Evaluation of the effect of Arabica coffee pulp waste as a sugar substitute on the antioxidant, textural and sensory properties of beneficial chocolate

Authors
1 Department of Food Science and Technology, ACECR Kashmar Higher Education Institute, Kashmar, Iran
2 Assistant Professor, Department of industrial biotechnology on microorganisms, Iranian Academic Center for Education Culture and Research (ACECR), Mashhad, Iran
Abstract
Chocolate is one of the most widely consumed snacks in the diet. In recent years, with the introduction of healthy foods, researchers have sought to enhance products with alternative ingredients to enhance their health effects. The aim of this study was to replace Arabica coffee grounds powder with chocolate formulation and to investigate its properties. Arabica coffee grounds were added to the chocolate formulation at four levels of 0.20, 40 and 60% and its antioxidant, textural and sensory properties were evaluated.
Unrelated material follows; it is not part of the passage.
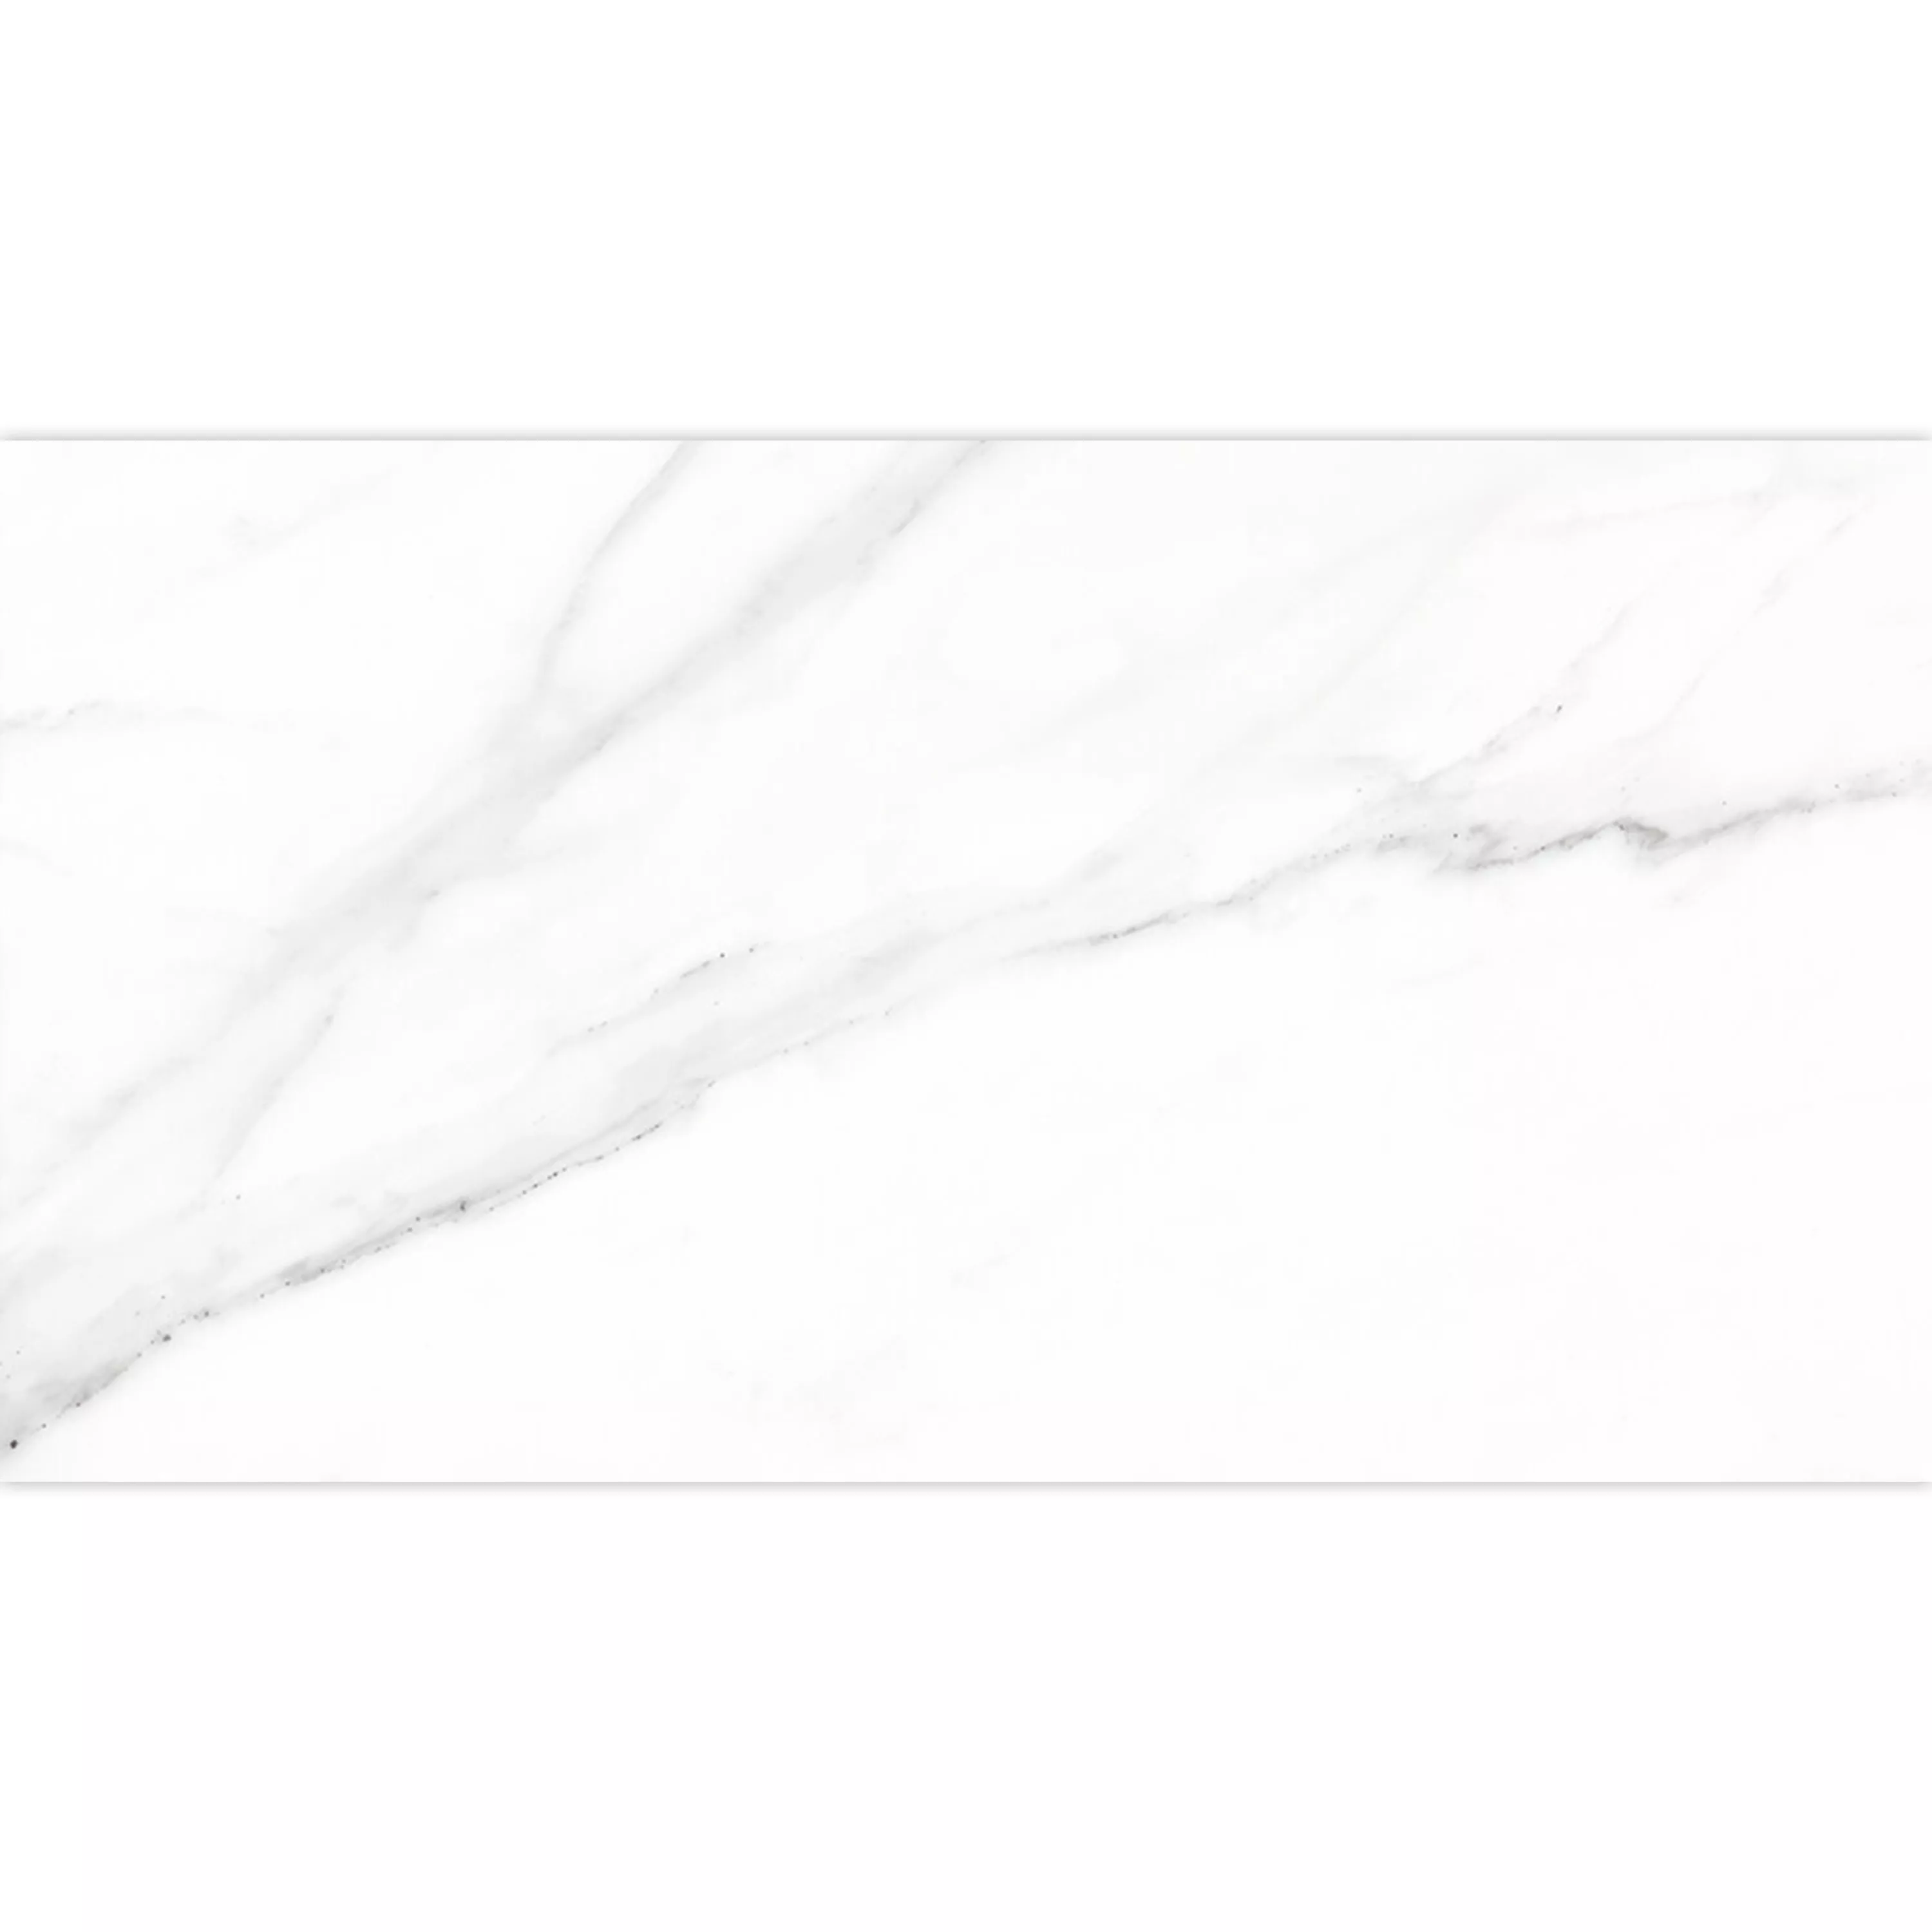 Πλακάκια Δαπέδου Arcadia Μαρμάρινη Όψη Αμεμπτος Ασπρο 30x60cm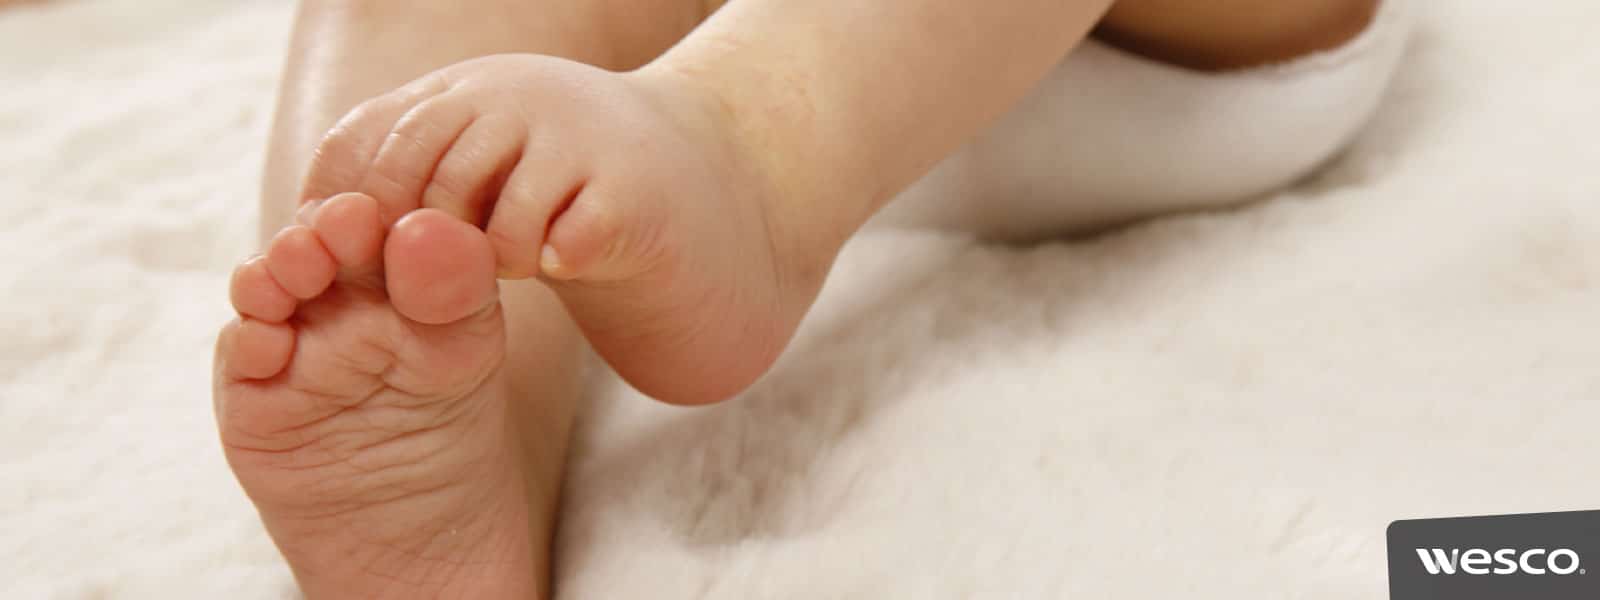 Comment habiller bébé à la naissance : les 6 indispensables !

The results showed that with increasing the amount of coffee grounds, the level of polyphenols, flavonoids, as well as the percentage of free radical scavenging of DPPH, increased in the presence of coffee grounds. Also, the results of sensory analysis showed that coffee pulp did not have a significant negative effect on the textural properties of chocolate and from the point of view of feeling the oral texture of chocolate was desirable. Despite the unfavorable effect of coffee grounds, the treatment had the lowest score of 60% in terms of general acceptance, but due to the favorable taste of Arabica coffee on chocolate, the treatment received the highest score of 20%. According to the test results, this product can be used as an increase in nutritional health and human health. Therefore, the use of amounts less than 20% is recommended to improve the quality and antioxidant properties.